Esoteric humor in action.

You can be cool and buy his signed artwork too.

 

What is the least common PIN number?

There are 10,000 possible combinations that the digits 0-9 can be arranged to form a 4-digit pin code. Out of these ten thousand codes, which is the least commonly used?

Which of these pin codes is the least predictable?

Which of these pin codes is the most predictable?

If you were given the task of trying to crack a random credit card by repeatedly trying PIN codes, what order should you try guessing to maximize your chances of selecting the correct number in the shortest time?

If you had to make predication about what the least commonly used 4-digit PIN is, what would be your guess?

This tangentially relates to the XKCD cartoon. In Randall’s cartoon, the perpetrator’s plan backfired because his selected license plate was so unique that it was very memorable. What is the least memorable license plate? Ask any spy you know (snigger) what the best way to blend into a crowd is. Their answer will be not stand out, to appear “normal”, and not be notable in any way.

People are notoriously bad at generating random passwords. I hope this article will scare you into being a little more careful in how you select your next PIN number.

Are you curious about what the least commonly used PIN number might be?

How about the most popular?

Read on …

DISCLAIMER

This article is not intended to be a hacker bible, or to be used as a utility, resource, or tool to help would-be thieves perform nefarious actions. I will only disclose data sufficient to make my points, and will try to avoid giving specific data outside of the obvious examples. I do not want to be an enabler for script-kiddies. Please do not email me asking for the database I used; if you do, you will be wasting your time as I’m not going to respond. I’m not going to sell, donate or release the source data – don’t ask!

Source

Obviously, I don’t have access to a credit card PIN number database. Instead I’m going to use a proxy. I’m going to use data condensed from released/exposed/discovered password tables and security breaches.

Soap Box – Password Database Exposures

Over the years, there have been numerous password table security breaches: Some very high profile, some low profile, but all embarrassing (and many exceedingly expensive; both in direct fines and indirect loss of business through erosion of trust and reputation).

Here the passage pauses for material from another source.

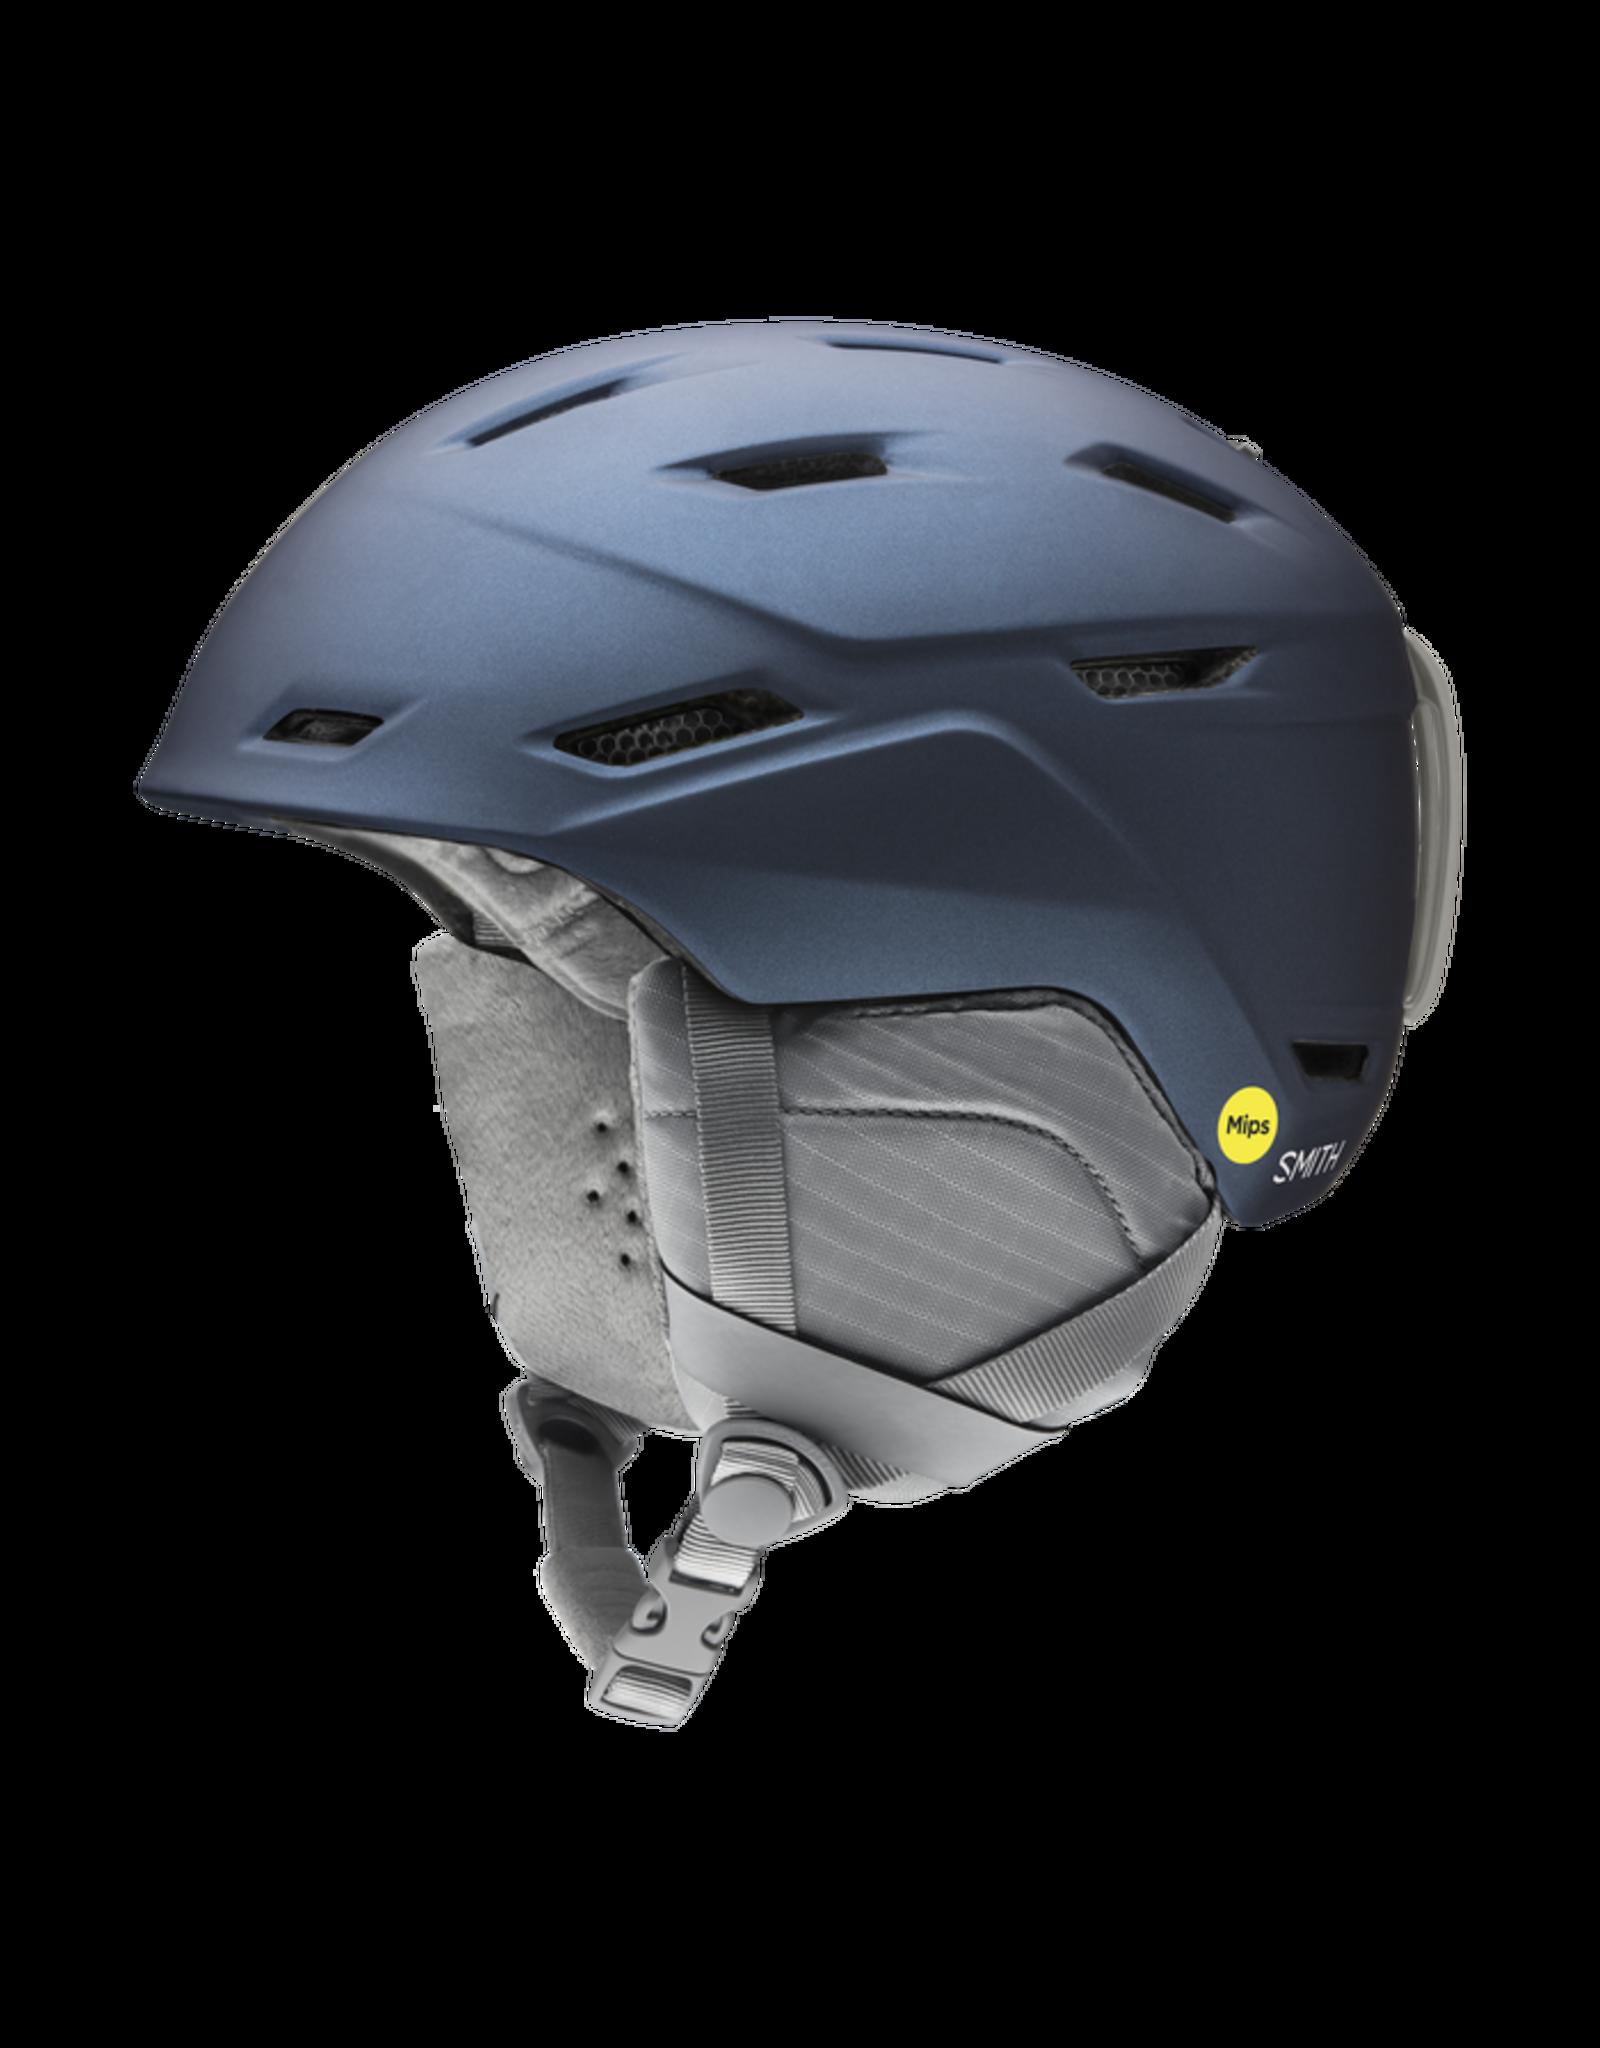 smith optics Smith Mirage mips helmet - Matte French Navy - Medium 55-59cm

Fool me once, well, no, even that’s not really acceptable, but fool me twice … I’ll go even further: Any developer who stores the password table of their database in clear text should be so mortified by this lack of security that they should not be sleeping at night until they fix it. Ignoring the fact that you should never have ever coded it this way, you have an obligation to learn from these past breaches.

If you work for a company and are knowledgeable that your customer database is “protected” by such lightweight security then run, don’t walk, to your CEO/Presidents office, pound on the door and insist (s)he puts out a mandate to fix the matter with extreme prejudice. Don’t leave until you get an affirmative response. Badger, badger then badger them again. Make yourself a proverbial thorn in their side.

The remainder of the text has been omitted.